Top Secret AI Operations Engineer SME

Post Date

Nov 26, 2025

Location

Ashburn,
Virginia

ZIP/Postal Code

20147

Job Type

Contract-to-perm

Job Description

We are seeking a motivated, career- and customer-oriented SME AI Ops Engineer to join our AI innovation team in Ashburn, VA. This is currently a hybrid position with 2-3 days onsite/week. While some formal training is available for mission knowledge and data-driven solutions, much of this learning occurs through on-the-job training and individual initiative. Therefore, we are looking for self-starters who can independently explore and acquire knowledge, build informal support networks, and appreciate the significant challenge of securing the Nation's borders. Responsibilities include but are not limited to:
- Lead the design and operational deployment of Large Language Model (LLM) based applications and AI agents across AWS or Google cloud environments.
- Implement and optimize Model Context Protocol (MCP) for context-aware orchestration and efficient scaling of AI services.
- Design and manage embeddings generation, storage, and retrieval, enabling semantic search and recommendation and develop monitoring, logging, and observability solutions leveraging the Elastic Stack (Elasticsearch, Logstash, Kibana).
- Engineer graph-oriented deployment architectures for dependency mapping, relationship-aware data flow advanced troubleshooting and automate deployment, scaling, and monitoring using modern MLOps and AIOps practices (CI/CD, containerization, orchestration).
- Ensure data quality, lineage, and governance across multiple systems and pipelines
- Collaborate with data scientists, ML engineers, and DevOps teams to deliver high-availability AI-powered applications.
- Build monitoring and alerting solutions to detect anomalies, performance bottlenecks, and failures in AI/ML services and research and implement emerging AI infrastructure and tools and best practices to continuously improve system reliability and scalability.

We are a company committed to creating diverse and inclusive environments where people can bring their full, authentic selves to work every day. We are an equal opportunity/affirmative action employer that believes everyone matters. Qualified candidates will receive consideration for employment regardless of their race, color, ethnicity, religion, sex (including pregnancy), sexual orientation, gender identity and expression, marital status, national origin, ancestry, genetic factors, age, disability, protected veteran status, military or uniformed service member status, or any other status or characteristic protected by applicable laws, regulations, and ordinances. If you need assistance and/or a reasonable accommodation due to a disability during the application or recruiting process, please send a request to HR@insightglobal.com.To learn more about how we collect, keep, and process your private information, please review Insight Global's Workforce Privacy Policy: https://insightglobal.com/workforce-privacy-policy/.

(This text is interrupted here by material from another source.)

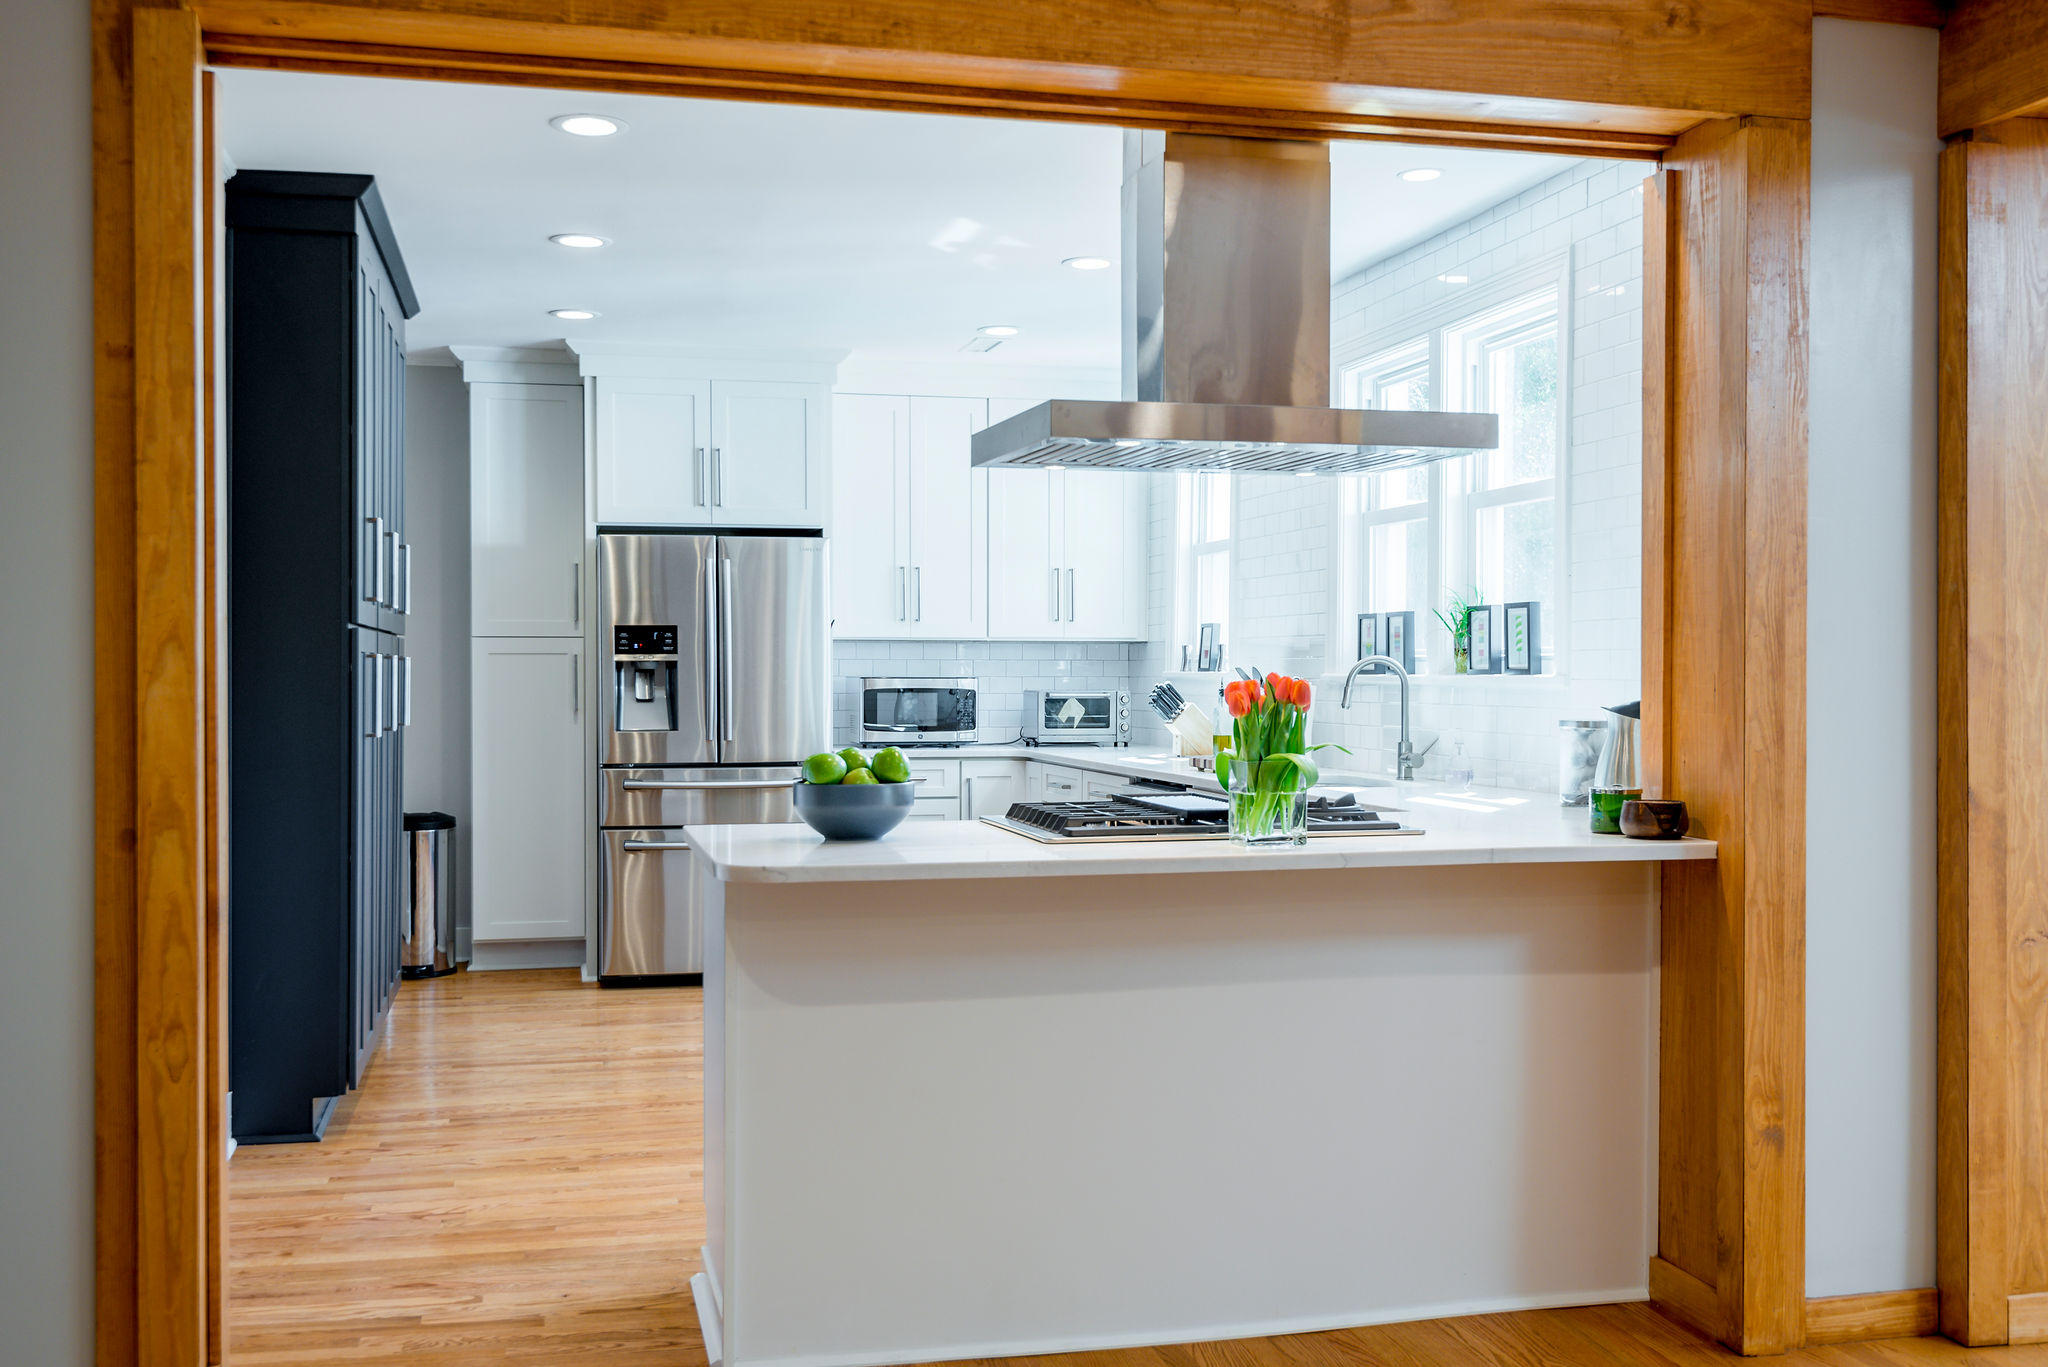 Sylvan Shores Homes For Sale - 450 Polony, Charleston, SC - 45
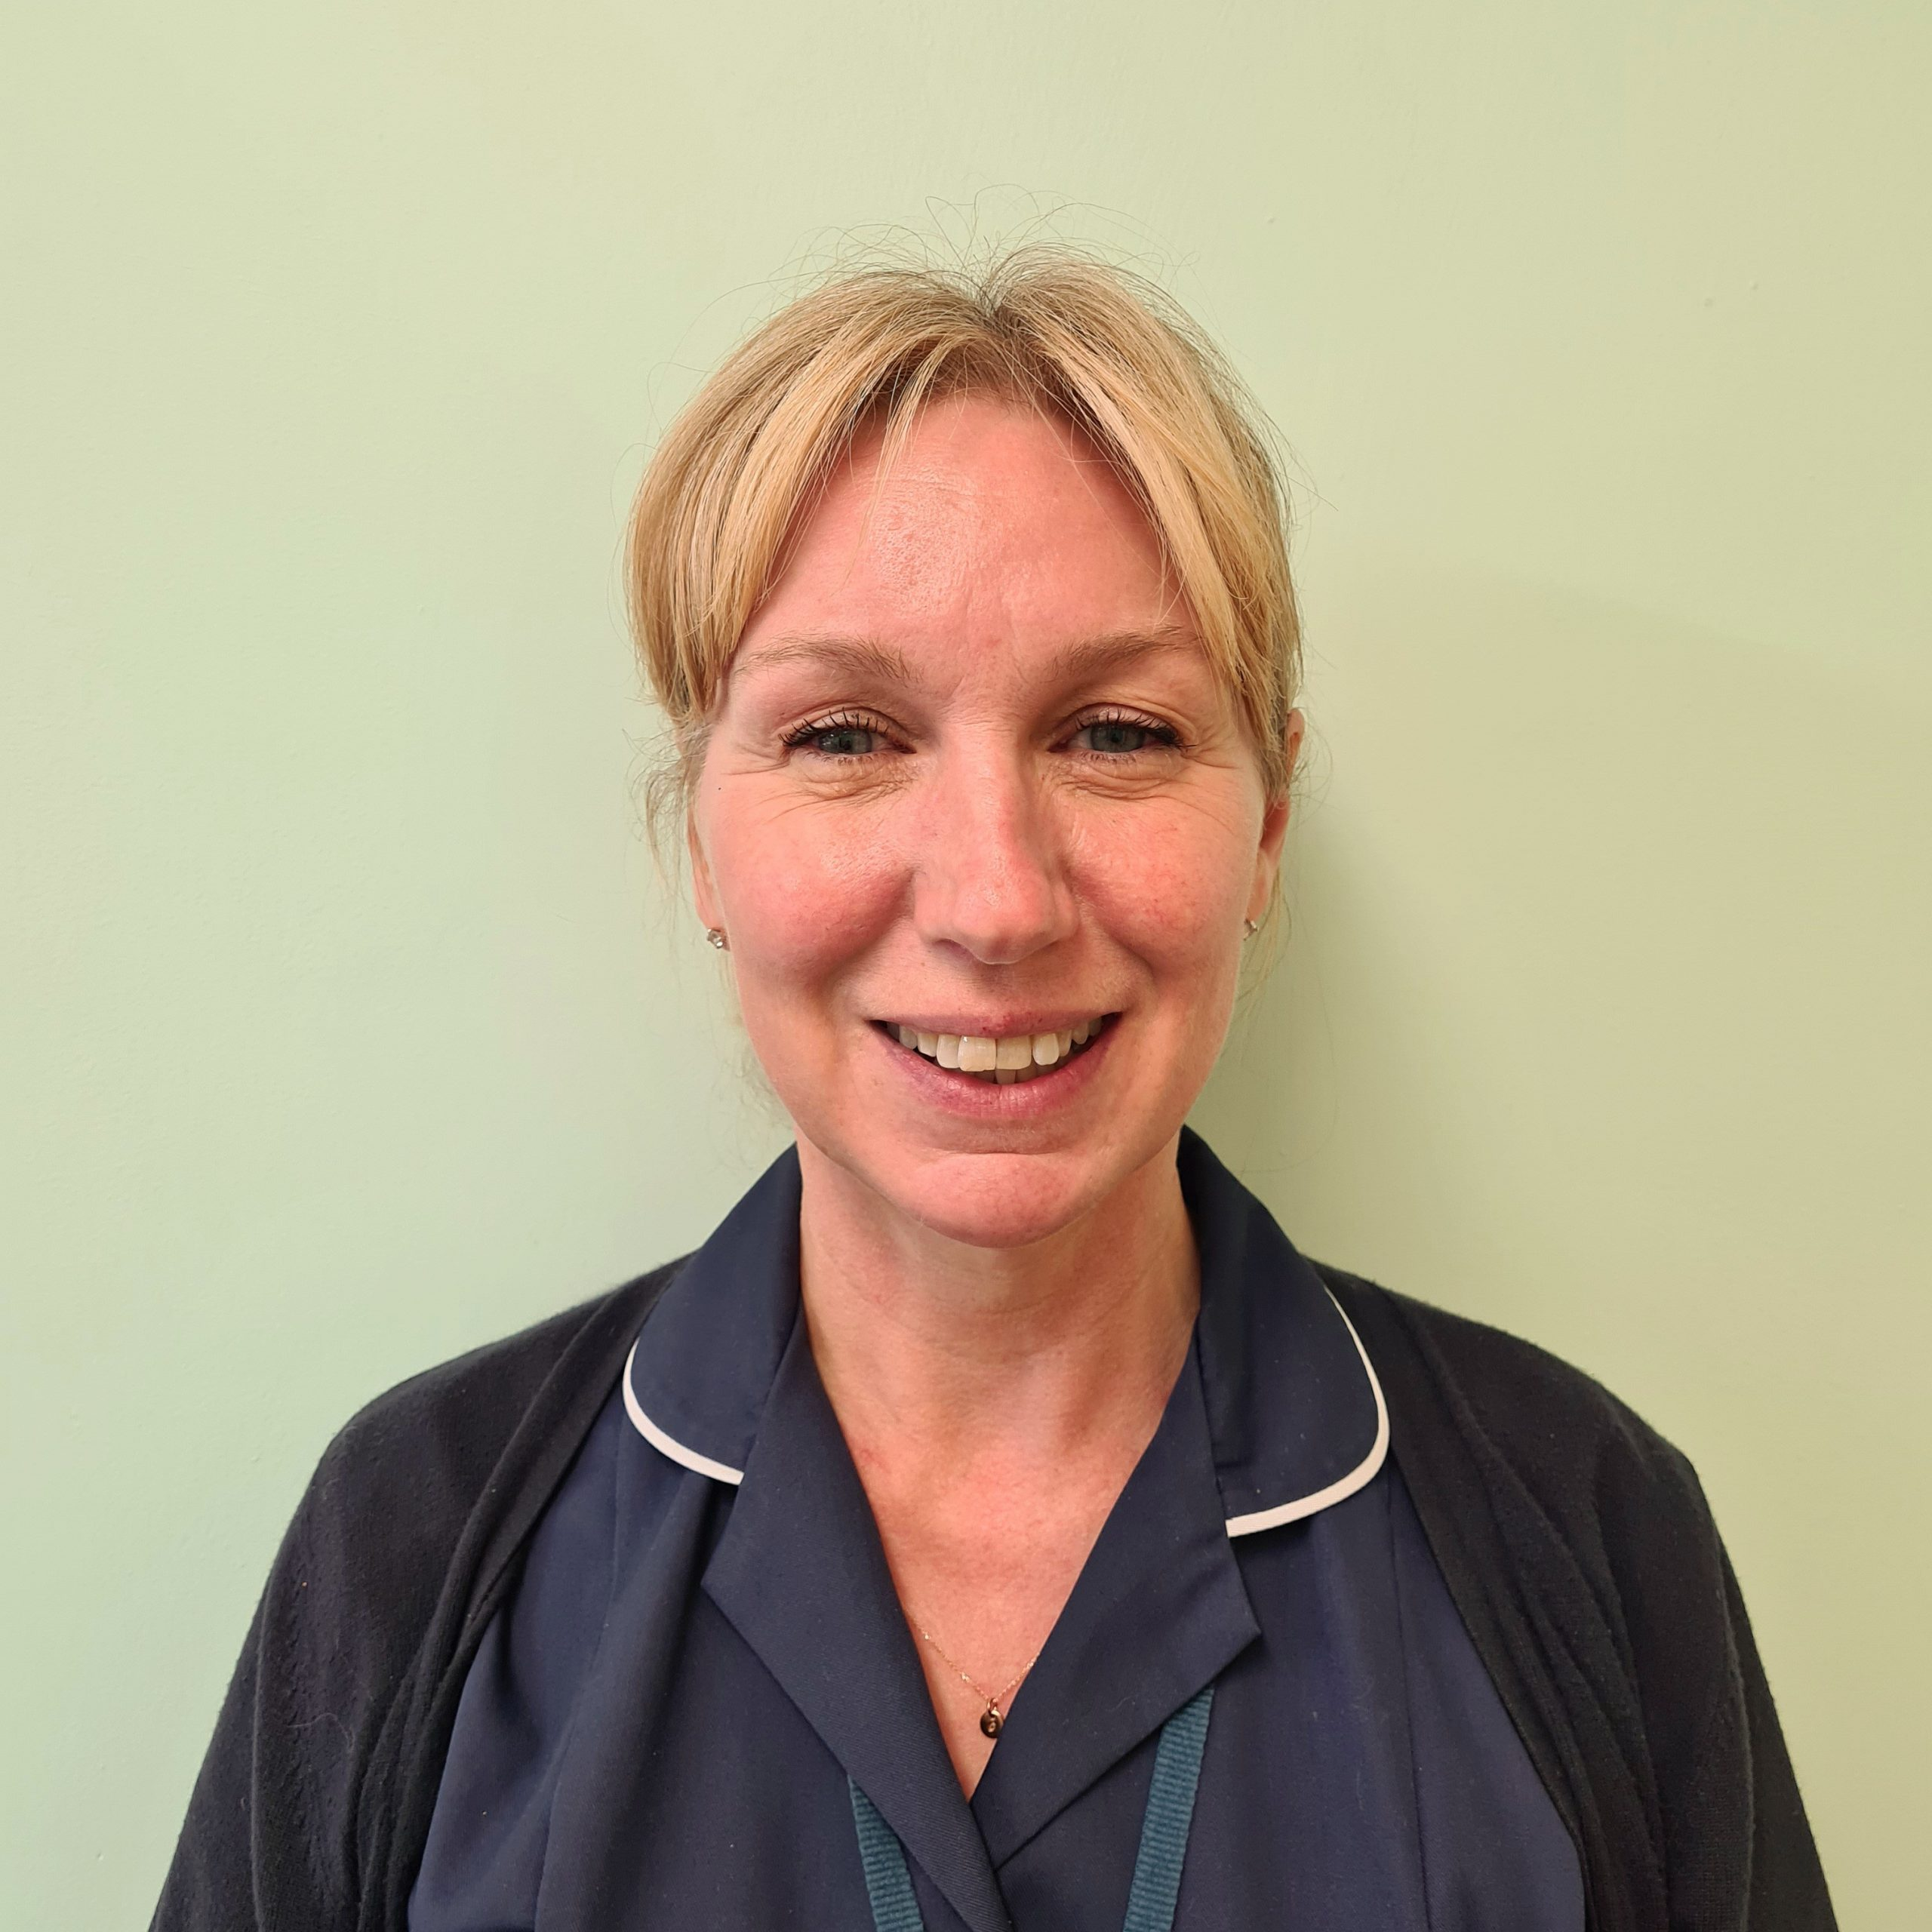 Practice and Outreach Nurse Kate Hazell

Required Skills & Experience

-Active Top Secret Clearance and ability to obtain public trust
- BS/BA and 12+ years or MS/MA/MBA and 9+ years or PhD/Doctorate and 7+ years.
- Experience in Data Engineering, DevOps, or AI/ML Ops roles.
- Strong coding skills in Python or Java.
- Hands-on experience with vector search and retrieval-augmented generation (RAG).
- Knowledge of security, compliance, and access controls for data and AI systems.
- Strong foundation in data engineering and distributed systems.
- Deep understanding of search, indexing, and graph databases (Elasticsearch, Neo4j, Janusgraph or equivalent).
- Experience with LLM deployment frameworks (LangChain, RAG pipelines, vector databases like Pinecone, Weaviate, or FAISS).
- Proficiency with cloud platforms and infrastructure as code.
- Hands-on with containers and orchestration (Docker, Kubernetes).
- Familiarity with monitoring and observability tools (Grafana, ELK).
- Knowledge of CI/CD pipelines (Harness, Jenkins) and best practices for AI/ML deployment.

Nice to Have Skills & Experience

- Strong foundation in data engineering and distributed systems.
- Deep understanding of search, indexing, and graph databases (Elasticsearch, Neo4j, Janusgraph or equivalent).
- Experience with LLM deployment frameworks (LangChain, RAG pipelines, vector databases like Pinecone, Weaviate, or FAISS).
- Proficiency with cloud platforms and infrastructure as code.
- Hands-on with containers and orchestration (Docker, Kubernetes).
- Familiarity with monitoring and observability tools (Grafana, ELK).
- Knowledge of CI/CD pipelines (Harness, Jenkins) and best practices for AI/ML deployment.

Benefit packages for this role will start on the 1st day of employment and include medical, dental, and vision insurance, as well as HSA, FSA, and DCFSA account options, and 401k retirement account access with employer matching. Employees in this role are also entitled to paid sick leave and/or other paid time off as provided by applicable law.